Я был до того потрясен, что не произнес ни слова, зато Тинкл спросил:

– Для чего тогда повязка? – В пьяном виде он был уверен в себе, тогда как в трезвом, наоборот, сдержан, как я заметил в то утро.

– Испробую радикальный метод лечения от депрессии, – объяснил Мангров. – Ходил в Нью-Йорке к психиатру, который придерживается холистического подхода. Пробует переместить деятельность моего мозга в левое полушарие. У меня постепенно стало работать почти исключительно правое полушарие, ответственное за творческую деятельность, и, слишком на него полагаясь, я подвергся жестокой депрессии после эмоциональной травмы. Врач сказал, что никогда не видел человека в подобной депрессии, который еще остается в живых.

– Но ведь повязка на левом глазу, – заметил я.

– Правое полушарие мозга контролирует левую половину тела, – объяснил Мангров.

– Я про это совсем позабыл, – сказал я. – Все равно что под парусами идти. Терпеть не могу, когда левое – это правое, а правое – левое. Хотя, кажется, за творческую деятельность отвечает как раз левое полушарие, но, может быть, тут я сознательно ошибаюсь. Впрочем, надо сказать, дело темное.

– Помогает? – спросил Тинкл Мангрова, и я задумался, может быть, Тинкл хочет выяснить, не поможет ли наглазная повязка справиться с его осечками. Интересно, какое полушарие мозга контролирует половой член. Поскольку он находится посередине, рассуждал я, возможно, его контролируют оба полушария, что не лишено смысла: когда одно полушарие отключается, все равно хочется, чтобы пенис работал. Поэтому Тинклу, возможно, придется носить повязки на обоих глазах.

– Пока не уверен, – сказал Мангров. – Ношу всего пару недель.

– Значит, вы пытаетесь перекинуть определенную долю деятельности на другую сторону, на левую… в надежде добиться какого-то равновесия, как на доске качелей? – уточнил я.

– Да, – подтвердил Мангров. – Некоторые области моего мозга годами не видели серотонина. – Он говорил так серьезно, что все им сказанное приобретало весомость истины; образ мозга с областями, изголодавшимися по серотонину, был просто восхитителен.

– Наверно, ваш мозг похож на Марс, – вдохновенно вымолвил я. – С пустыми высохшими каналами.
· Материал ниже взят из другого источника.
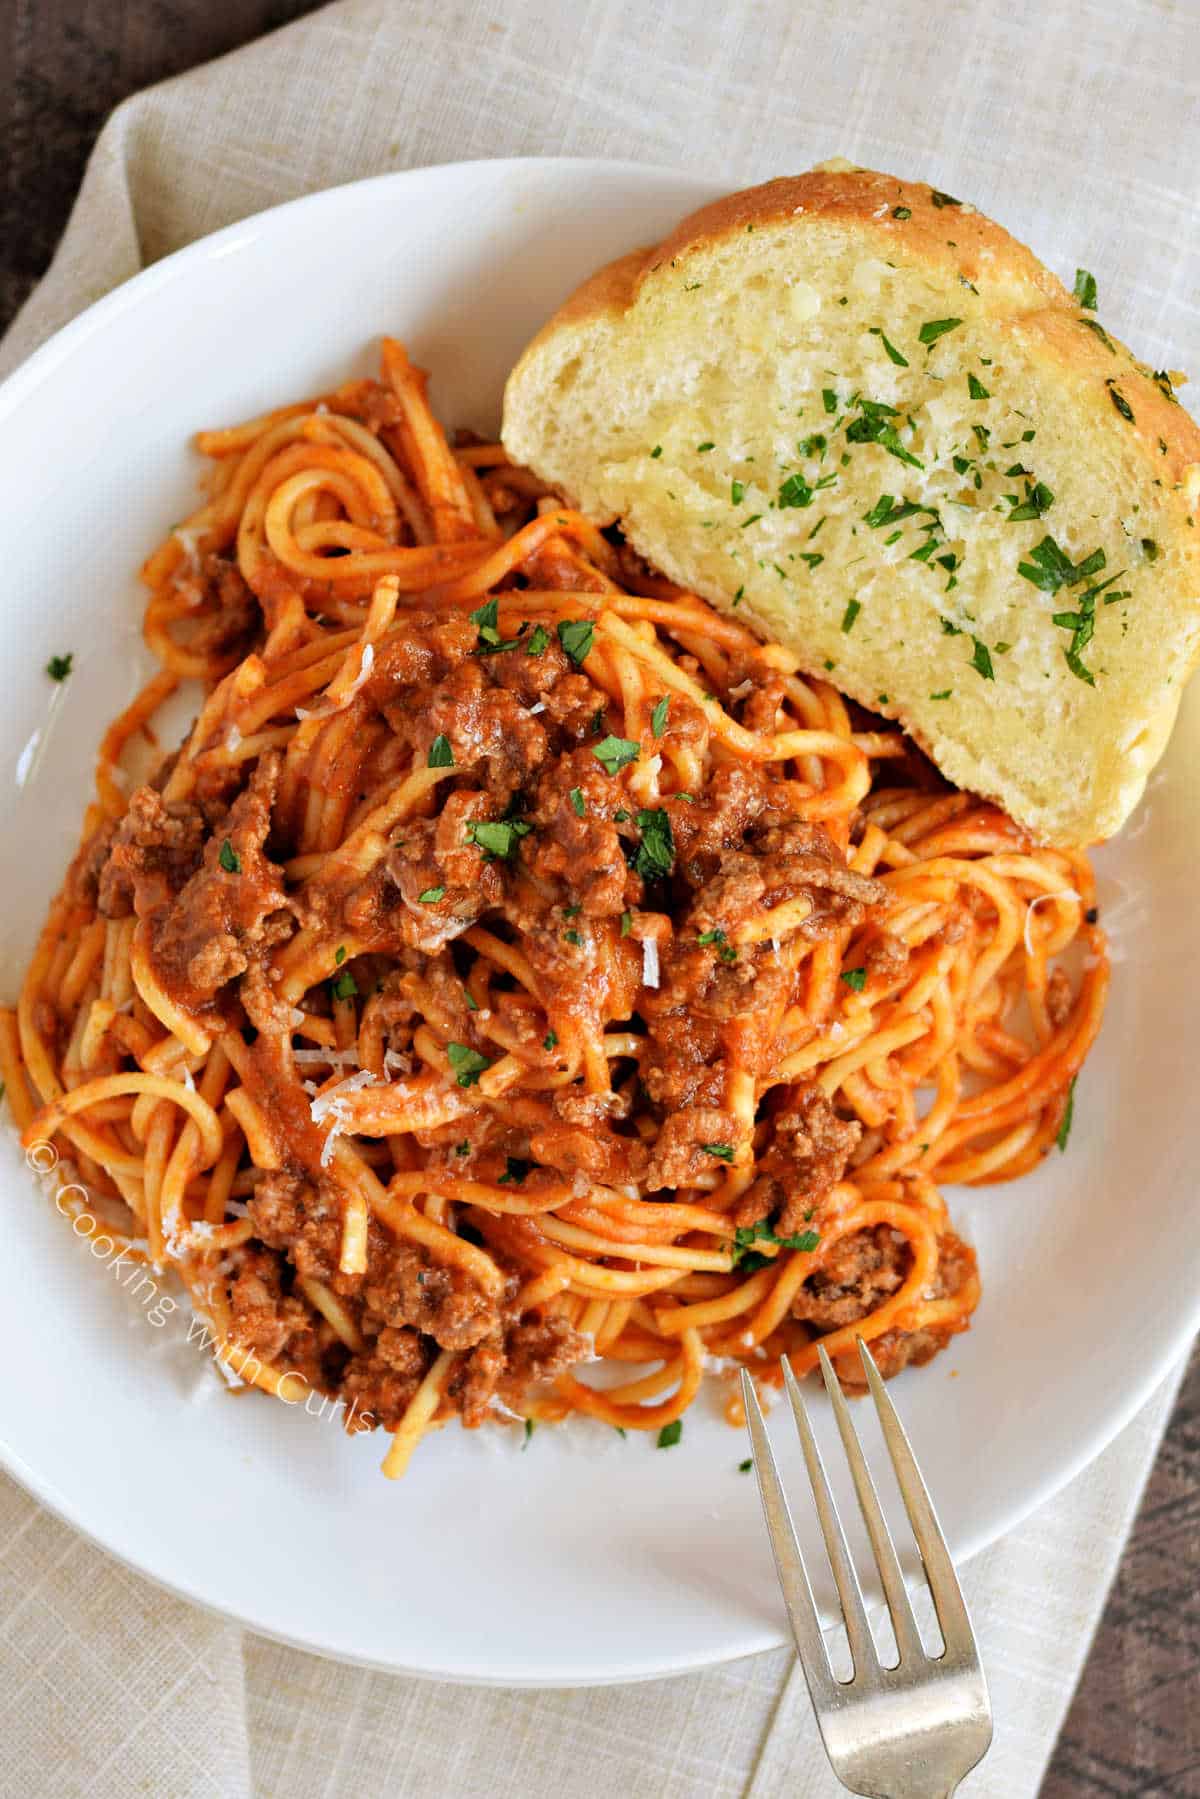 Looking down on a plate of Instant Pot Spaghetti with meat sauce and garlic bread on the side.

– Из-за чего же он пересох? – спросил Тинкл, страдавший, конечно, от противоположной проблемы избытка жидкости.

– Из-за девушки, – сказал Мангров. – Студентки из моей литературной группы в Колумбийском университете. Я в нее влюбился. И она в меня влюбилась. На один семестр. Я так и не оправился.
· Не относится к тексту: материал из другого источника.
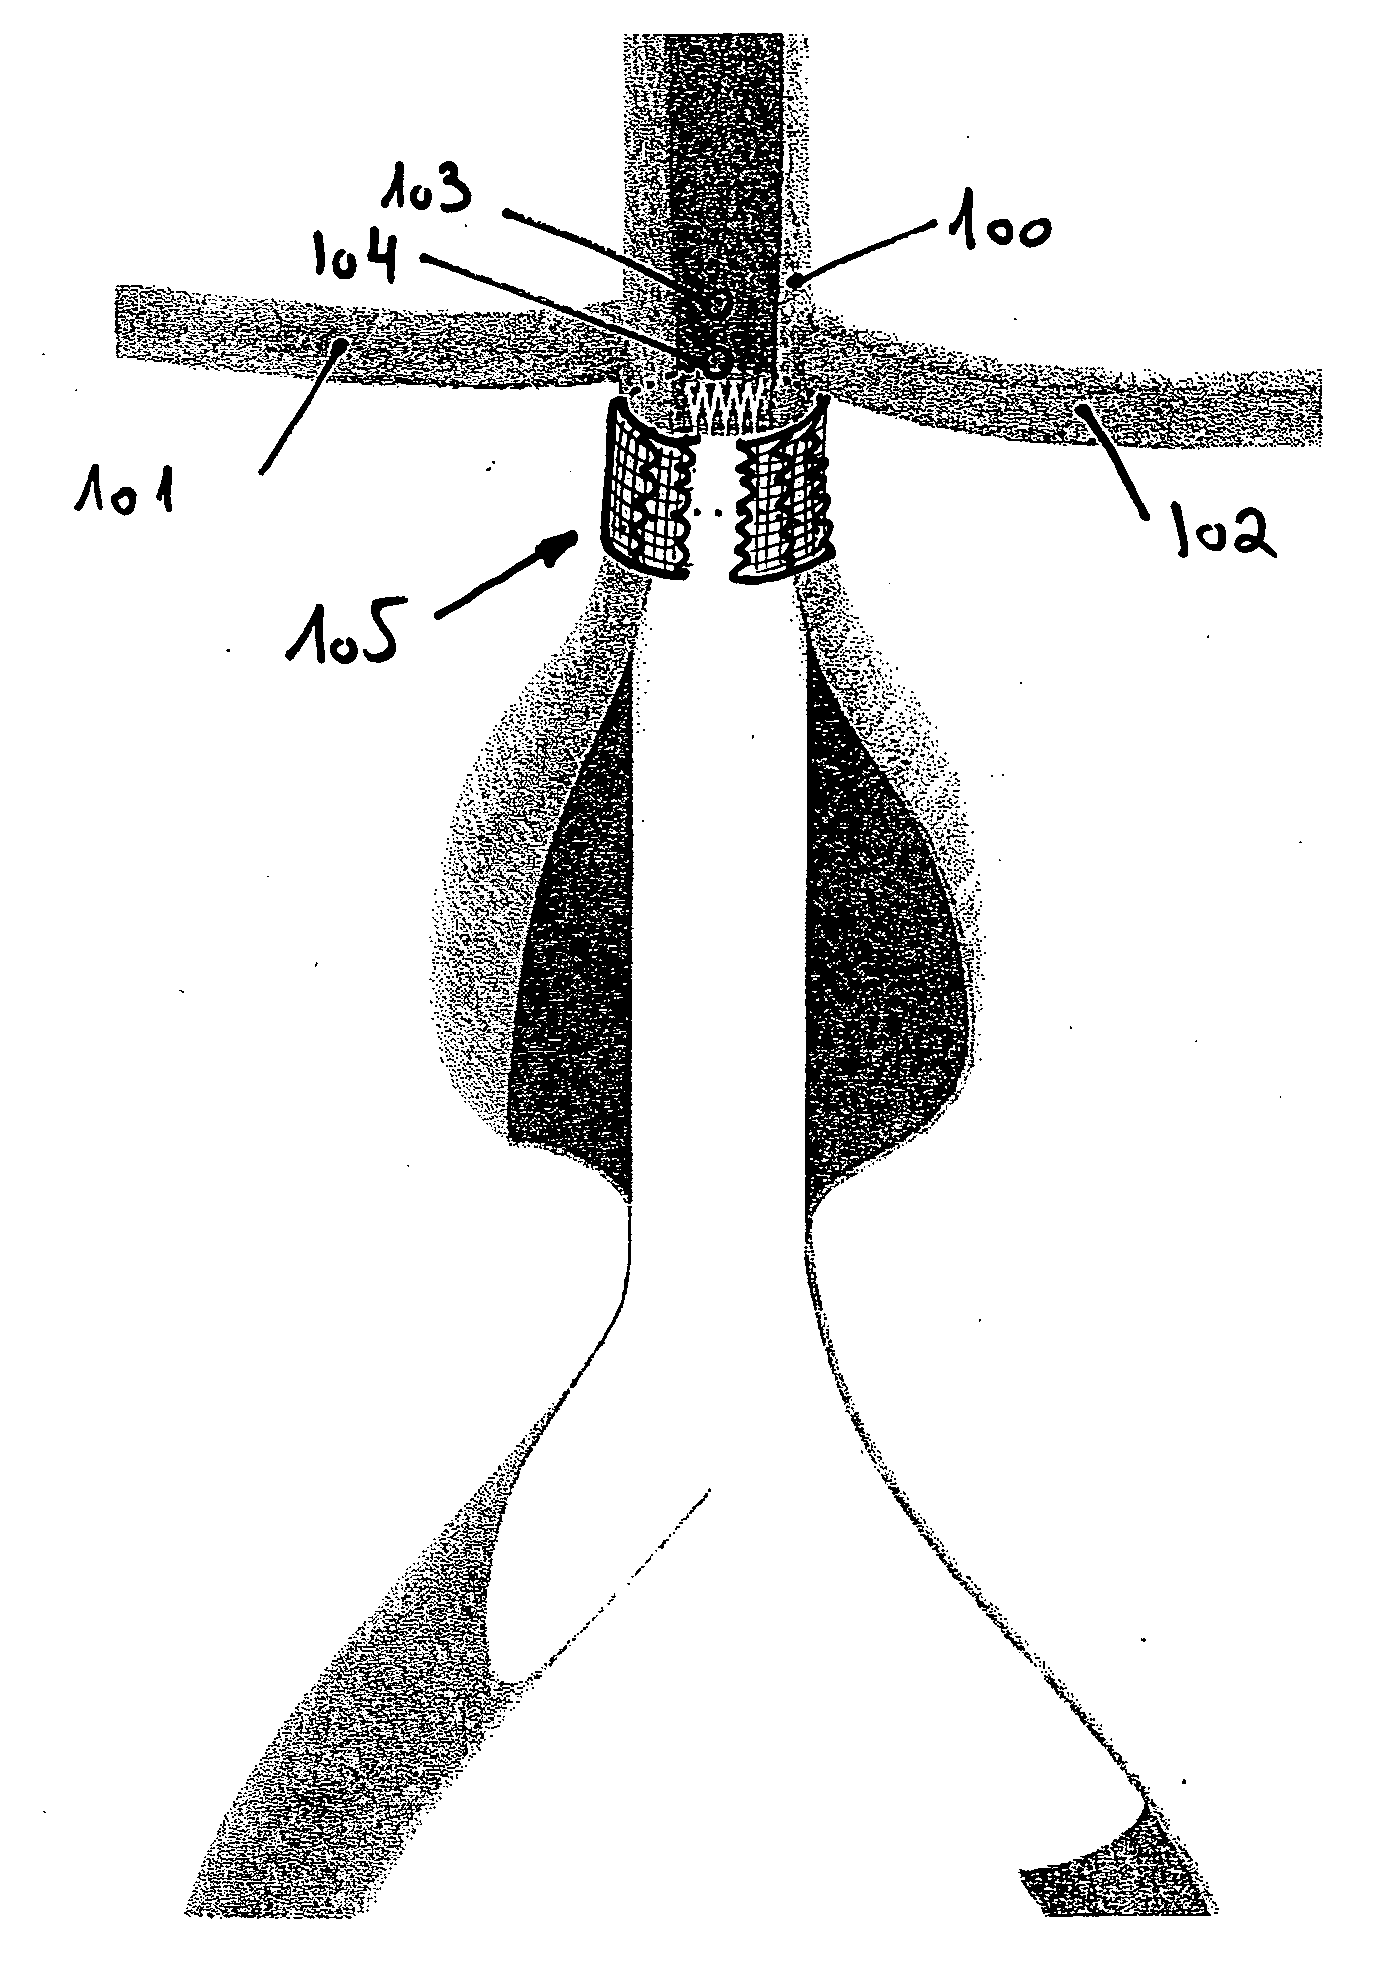 Extra-Vascular Wrapping for Treating Aneurysmatic Aorta in Conjunction with Endovascular Stent-Graft and Methods Thereof

– Когда это было? – уточнил Тинкл.

– Десять лет назад.

– И вы десять лет тоскуете по той девушке? – спросил я.

– Да.

– Вообще не общаетесь с ней? – расспрашивал Тинкл.

– Не видел и не говорил почти девять лет. Но я ее выслеживал.

– То есть как? – удивился Тинкл. – Разве можно выслеживать не видя?

– Мысленно выслеживал. Высматривал, куда бы ни ехал. По-моему, она в Калифорнии, но я ее искал, даже когда ехал на велосипеде сюда, в Саратогу. Если сейчас кто-нибудь стукнет в дверь, на секунду подумаю – это она. Вот откуда каналы в мозгу.

– Налейте еще виски, – попросил я Тинкла. Горестная и трагическая история почти ничуть не лучше вчерашних признаний Тинкла, фантастически похожая на тему Кеннета о поисках изнасиловавшего его мужчины… Я подумал, не сообщить ли, что Кеннет сидит в той же лодке, но излагать историю было бы слишком сложно; кроме того, неизвестно, оценит ли Мангров проведенную мной параллель между насильником Кеннета и молоденькой любимой студенткой.

– Да, налейте еще, – подхватил Мангров. – Хотя мне, возможно, пить больше не следует. Может быть, в данный момент функционируют лишь два процента моего мозга, и мне не хотелось бы уничтожить возможные результаты действия повязки.

– Можно пить только левой половиной рта, – подсказал я. – Я так делаю при стоматите.

Тинкл щедро добавил лекарство во все стаканы.

– В моем состоянии необходимо пить, – сообщил он Мангрову. – Поэтому не старайтесь тягаться со мной.